Quanto pesa l’anidride carbonica? Te lo dice l’Ecoludobus

"Kyoto anch’io" una giornata di dimostrazioni pratiche di Lega Ambienteall'istituto Vaccarossi per sensibilizzare i bambini sul tema dello spreco energetico

Fa sosta all’istituto comprensivo Vaccarossi di Cunardo l’Ecoludobus di Lega Ambiente, in collaborazione con Edison all’interno del progetto “Kyoto anch’io – la scuola amica del clima”. Un piccolo autobus che, con 3 membri di Lega Ambiente, ha girato quasi 11 regioni parlando con più di 200 classi per coinvolgere e sensibilizzare i bambini sul tema dell’ambiente e sul significato del protocollo di Kyoto. Parliamo quindi di energia e di emissione di gas inquinanti, di un protocollo rigido che obbliga gli stati a controllare il livello di anidride carbonica nell’aria e a contenerlo, ma che coinvolge anche i singoli. Ed è proprio questo l’obiettivo delle giornate nelle scuole: insegnare ai bambini cos’è questo accordo, quali sono le più importanti fonti di inquinamento, cercando di farli familiarizzare con concetti come effetto serra e pannello fotovoltaico. Attraverso dimostrazioni pratiche, i bambini hanno scoperto che il “peso” dell’anidride carbonica prodotta dai 281 milioni di americani pesa cinque volte quella emessa dai 700 milioni di africani, e che un frigorifero, acceso tutto il giorno, consuma 1500 watt di energia al giorno, mentre un condizionatore in un’ora ne brucia 500. Ma non solo: tramite un piccolo pannello solare montato su una casetta, i bambini hanno potuto vedere con i loro occhi come funziona l’energia solare, e imparare come le diversità della lampadina a risparmio energetico in confronto a quella normale, che consuma di più perché emette anche calore oltre che luce. Lo scopo di queste dimostrazioni pratiche non è convincere i bambini ad intraprendere una vita da eremita, ma di portarli ad un uso più consapevole dell’energia, dalla macchina alla luce, diffondendo anche l’importanza delle fonti di energia rinnovabili, tramite i piccoli gesti quotidiani che, fatti da tanti, possono fare la differenza.

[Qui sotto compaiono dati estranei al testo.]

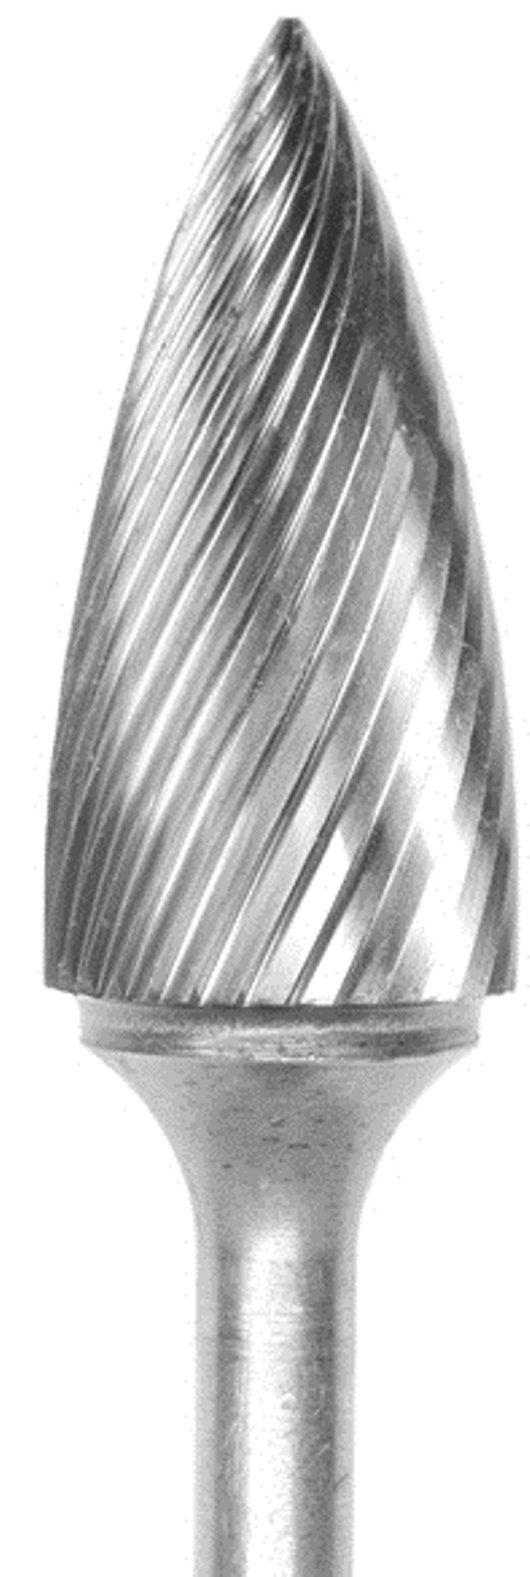 Carbide Bur Grobet U.S.A Made Tree Pointed 3/4x1-1/2x1/4 Standard Cut

Oltre che agli incontri con gli studenti, “Kyoto anch’io – la scuola amica del clima” premia anche le scuole che, partecipando ad un concorso, si sono distinte in due campi: il primo è l’adeguamento, attraverso interventi di tipo strutturale e organizzativo, degli edifici scolastici per diminuire l’emissioni di gas serra, per ottenere il riconoscimento “Scuola amica del clima”. Il secondo ambito del concorso riguarda le buone pratiche di educazione al risparmio energetico impartite durante l’insegnamento: per le scuole che, tramite percorsi educativi specifici, hanno dedicato una particolare attenzione all’ambiente e alla tutela della natura. Parliamo quindi di promozione, di informazione sulle energie alternative, anche con percorsi interculturali, laboratori e uscite sul territorio.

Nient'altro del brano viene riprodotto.